Look at the data below and print exactly the lines from its first line through the line with "totaltattoo barber_dts easytattoo_uk"; the pictures stay out of the copy.

Collected data entries:
####################
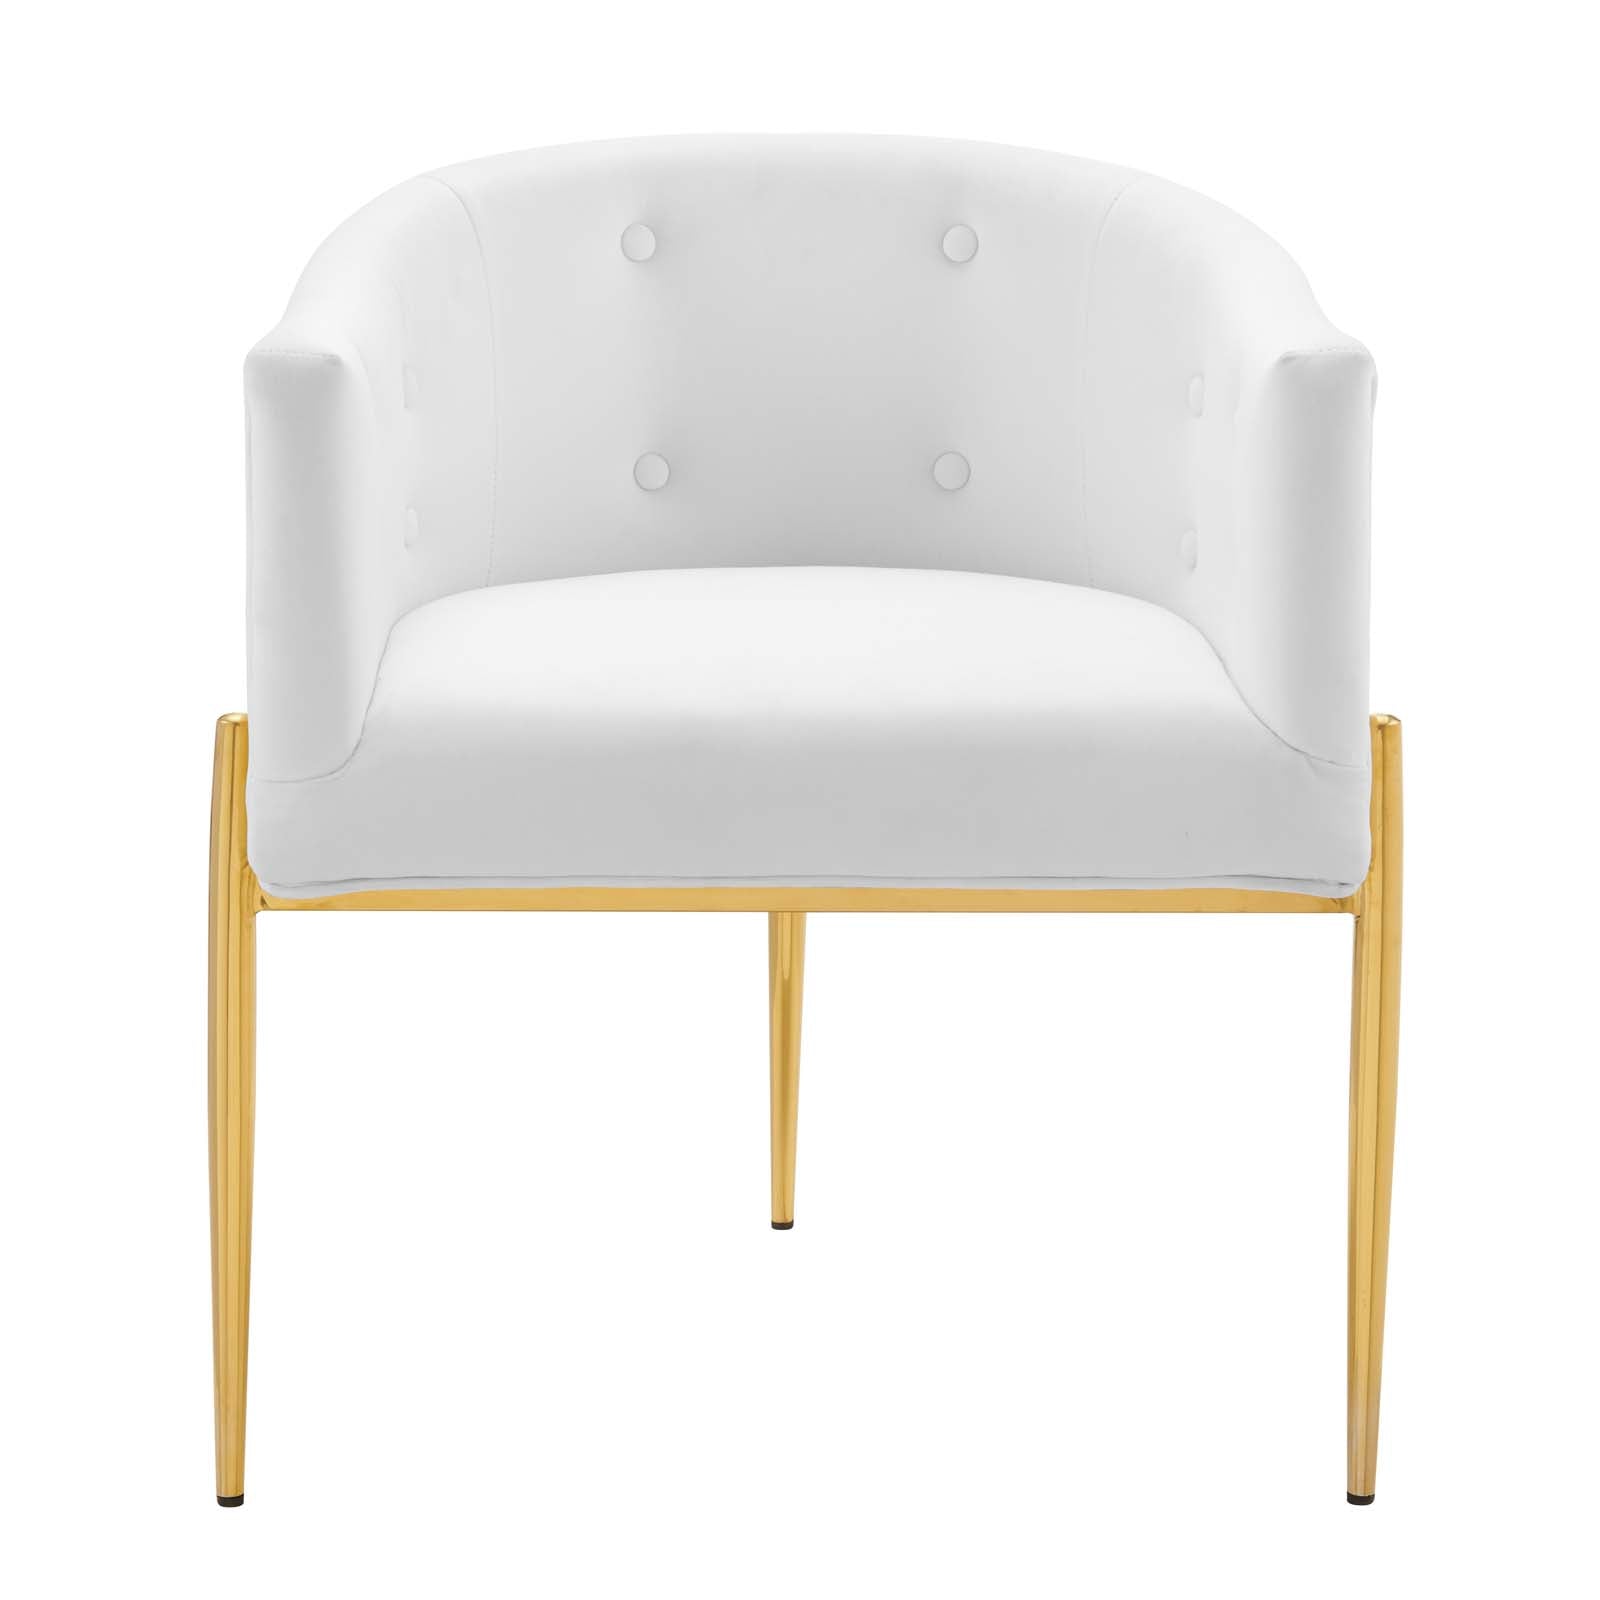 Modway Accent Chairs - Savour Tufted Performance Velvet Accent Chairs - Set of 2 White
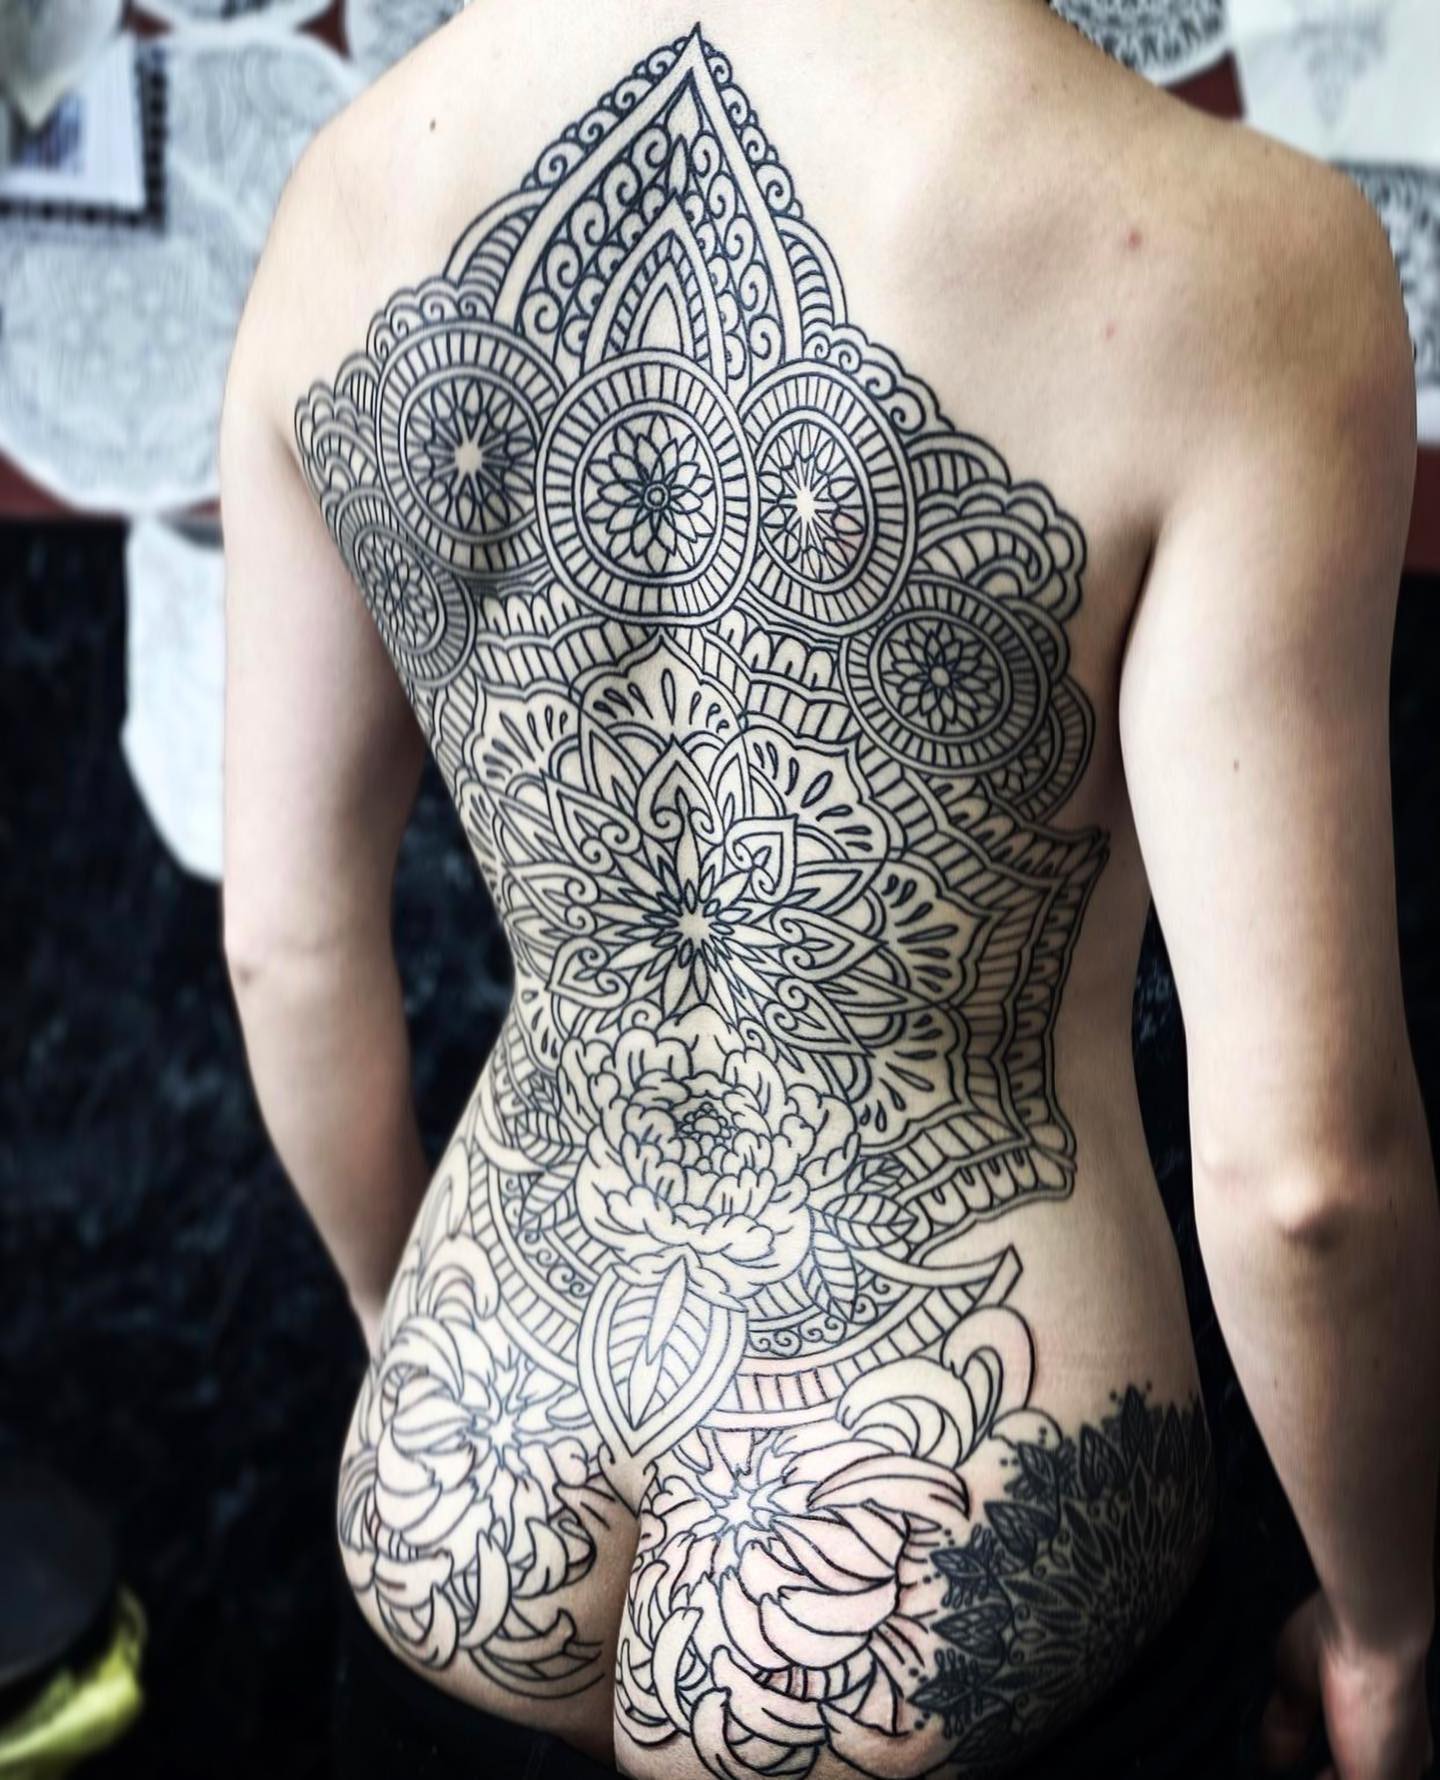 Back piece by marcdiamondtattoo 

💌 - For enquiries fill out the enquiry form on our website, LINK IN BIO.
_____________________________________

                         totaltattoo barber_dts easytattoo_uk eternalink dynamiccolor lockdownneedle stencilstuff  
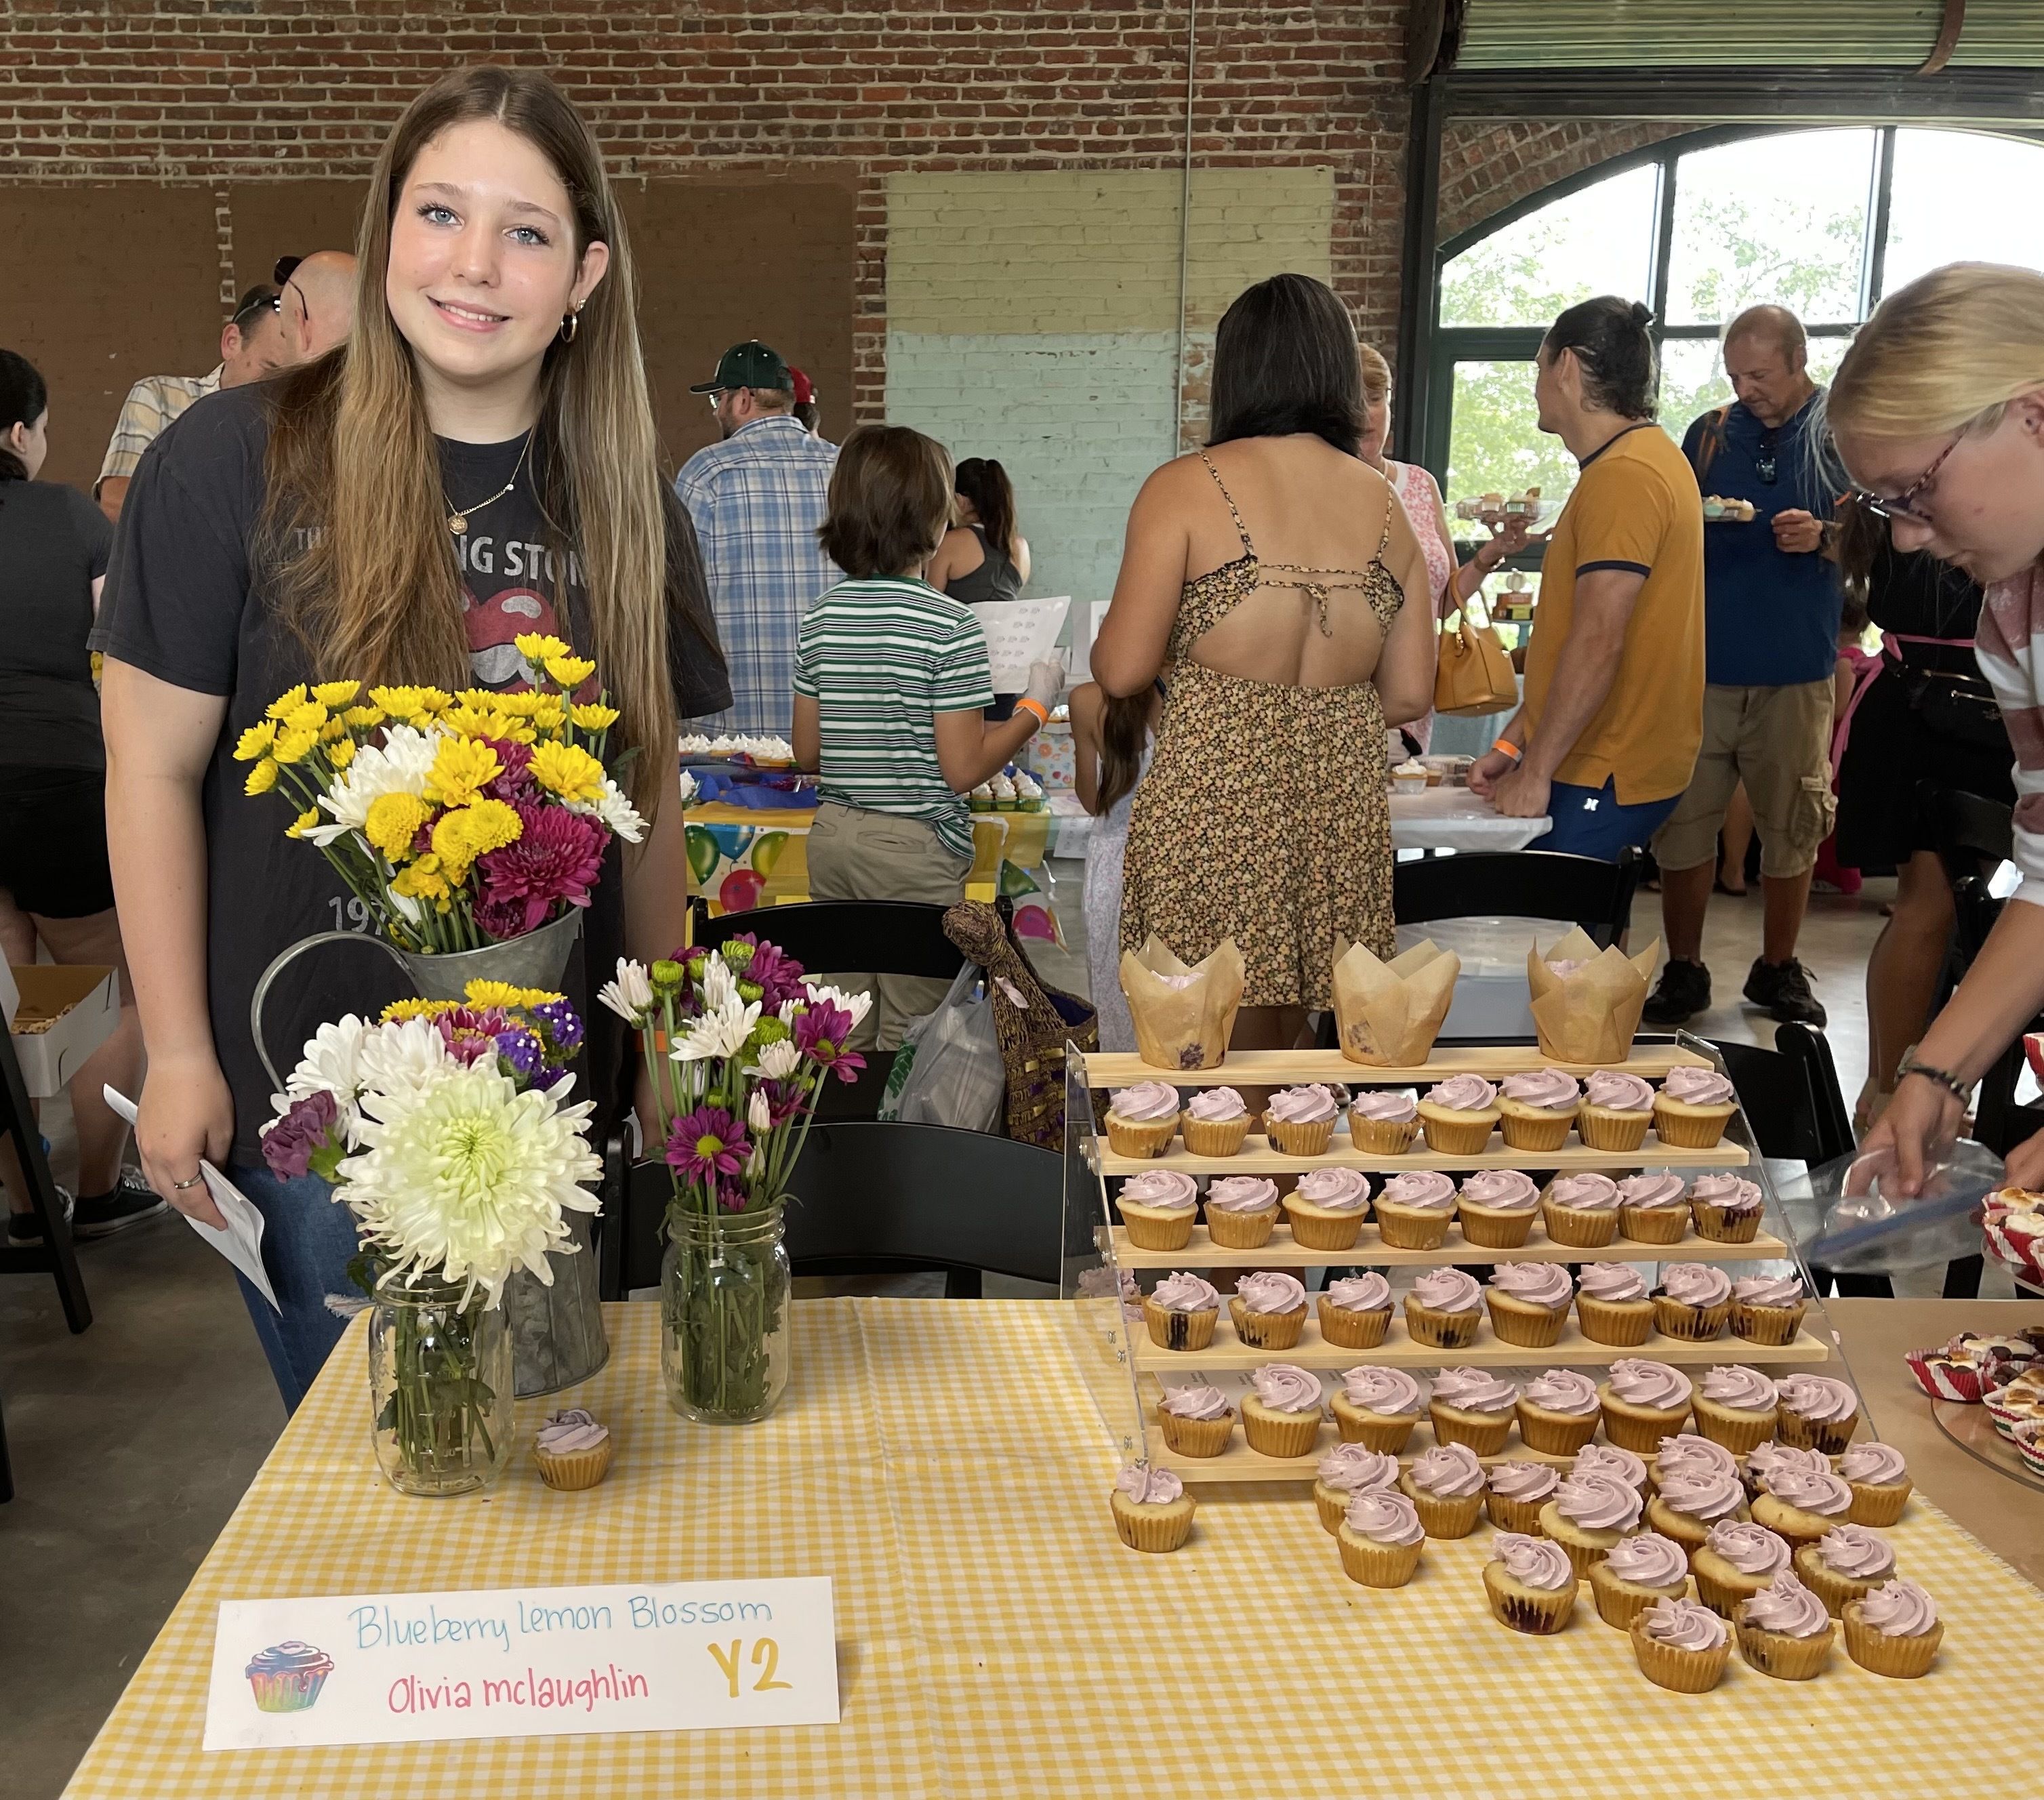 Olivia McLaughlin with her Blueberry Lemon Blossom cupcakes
####################
**WRITTEN ANSWER:**
 Modway Accent Chairs - Savour Tufted Performance Velvet Accent Chairs - Set of 2 White
 Back piece by marcdiamondtattoo 

💌 - For enquiries fill out the enquiry form on our website, LINK IN BIO.
_____________________________________

                         totaltattoo barber_dts easytattoo_uk eternalink dynamiccolor lockdownneedle stencilstuff  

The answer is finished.